Shaping Bhutan’s Future
Yeshey Zimba BA1975, MA1976 tells a self-deprecating story about his struggles to pass a public-policy class during his days at UW–Madison in the mid-1970s.
While studying for a master’s degree in economics, Zimba recalled his difficulty with getting through Professor Dennis Dressing BA1964’s class. Years later, Zimba related the story to Dresang over dinner in Madison.
“[Zimba] joked that he barely got by in the comparative public administration course that he took from me — but he in fact earned an A and distinguished himself as a highly respected leader among the students,” Dresang said.
Zimba went on to prove his governmental abilities by serving in several high-profile roles in the Himalayan Kingdom of Bhutan — including two one-year stints as the nation’s prime minister from 2000–01 and 2004–05.
In the late 1990s, the king of Bhutan devolved public authority to the people, and Zimba helped manage that transition. He dealt with issues including national security and debt, salary increases for civil servants, youth employment, and the Bhutanese constitution.
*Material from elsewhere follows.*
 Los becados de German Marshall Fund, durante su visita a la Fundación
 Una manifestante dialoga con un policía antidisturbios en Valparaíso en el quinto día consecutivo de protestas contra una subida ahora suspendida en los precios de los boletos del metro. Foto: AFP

“What I learned in this great university has contributed immensely to what I am today and to what I was able to contribute to the development of my country,” said Zimba, who in 1998 was awarded the esteemed title of lyonpo by the king.
Zimba has also served as finance secretary, finance minister, trade and industry minister, minister of work and human settlement, and a member of parliament in the small, mountainous nation tucked between India and China.
He is an advocate of using the concept of gross national happiness instead of gross national product to measure responsible development. The idea weighs factors such as cultural integrity, conservation, governance, health and ethical community values in addition to economic activity. He calls the concept “a more relevant development paradigm.”
“The key to the success of the country and achievement of the lofty ideals of ensuring well-being and happiness of the people lies in an effective, caring and just government,” he said.
Surveying Zimba’s career, Dresang noted that Zimba learned his lessons well and “really deserved that A.”